A district court's exercise of supplemental jurisdiction is governed by 28 U.S.C.
section 1367(a), which provides in pertinent part, that “in any civil action of which the district
courts have original jurisdiction, the district courts shall have supplemental jurisdiction over all
other claims that are so related to claims in the action within such original jurisdiction that they
form part of the same case or controversy under Article III of the United States Constitution.”
Subsection (c) provides that a district court “may” decline to exercise supplemental jurisdiction
over a claim if the court has dismissed all claims over which it had original jurisdiction. 28
U.S.C. § 1367(c)(3).
The Second Circuit has held that:
in the usual case in which all federal-law claims are eliminated
before trial, the balance of factors to be considered under the
pendent jurisdiction doctrine—judicial economy, convenience,
fairness, and comity—will point toward declining to exercise
jurisdiction over the remaining state-law claims.

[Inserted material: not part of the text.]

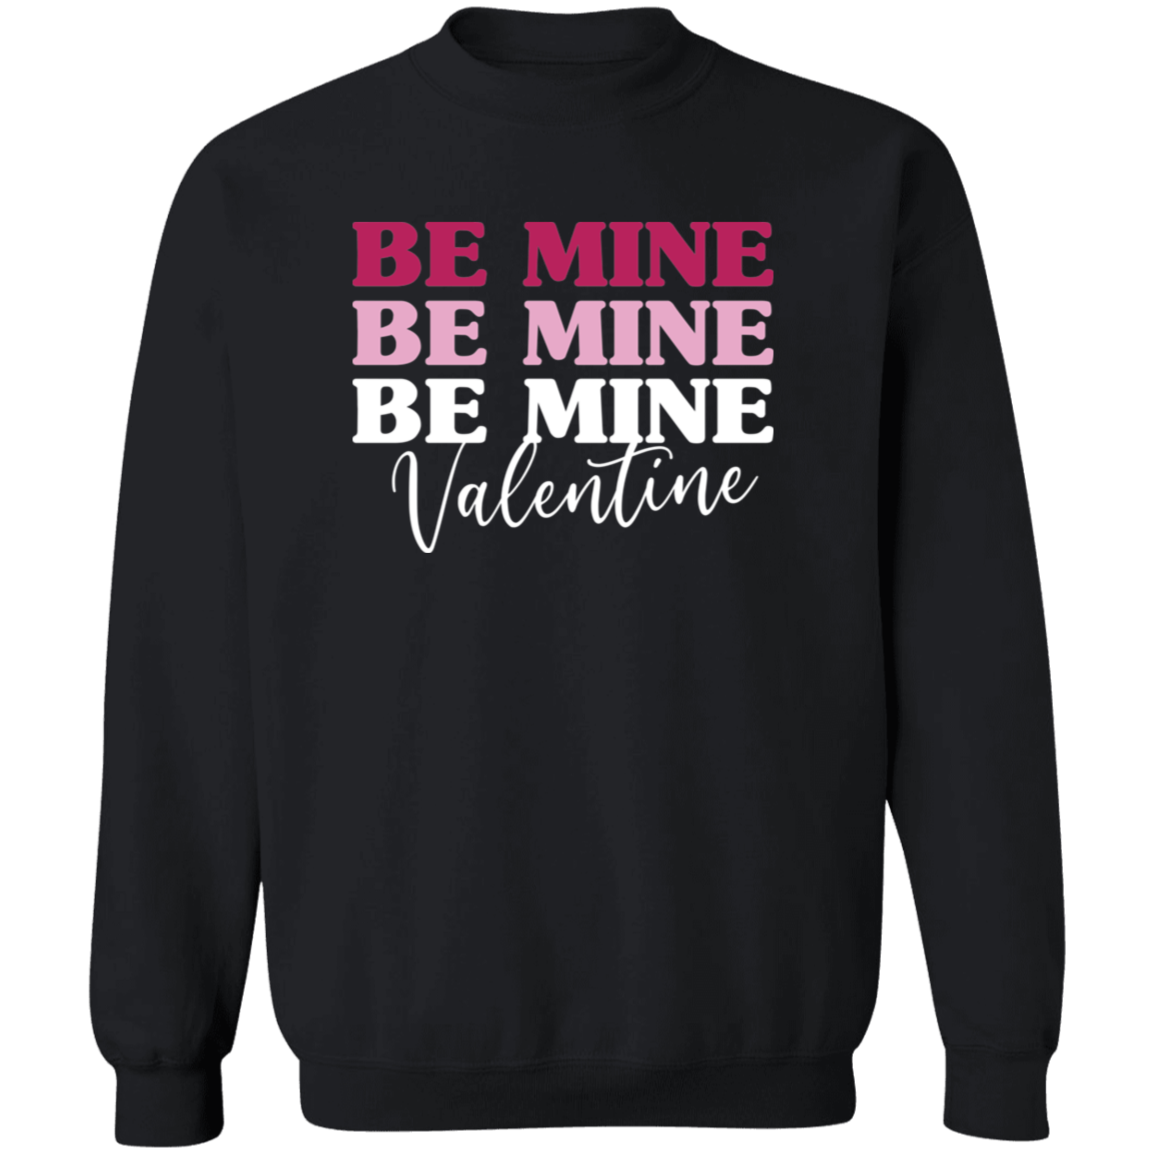 Be Mine Valentine Sweatshirt

Valencia ex rel. Franco v. Lee, 316 F.3d 299, 305 (2d Cir. 2003) (quoting Carnegie–Mellon
University v. Cohill, 484 U.S. 343, 349-50 (1988)). Here, the Court has dismissed each opt-in
plaintiffs’ only federal claims—their FLSA claims. Because each of the opt-in plaintiffs have
only New York Labor Law and New York common law claims remaining, judicial economy,
fairness, convenience and comity will be served best by declining to exercise supplemental
jurisdiction over each of those plaintiffs’ remaining state law claims and, accordingly, all those
claims are dismissed without prejudice.
Opt-in Plaintiffs’ Failure to Satisfy Discovery Obligations.
Because the Court has already concluded that the opt-in plaintiffs’ FLSA claims
should be dismissed without prejudice and because it has declined to exercise supplemental
jurisdiction over any remaining state law claims, the Court declines to address so much of the
Donatella Defendants’ motion as seeks to dismiss the opt-in plaintiffs’ claims pursuant to Rules
37 or 41, Fed. R. Civ. P.
Defendants’ motion to decertify the FLSA collective action and to dismiss the
opt-in plaintiffs’ FLSA claims without prejudice (Dkt. 71) is GRANTED as to all six-opt in
plaintiffs. The Court further declines to exercise supplemental jurisdiction over any of the opt-in
plaintiffs’ remaining state law claims. Those claims are also dismissed without prejudice.
Plaintiffs Katarina Tomkava, Jhonatan Herrera, Michael Manjon, Melissa Rhyne, Natalie
Concepcion, and Imam Hossen are terminated from this action. Only the Brannon Defendants’
motion for sanctions remains pending.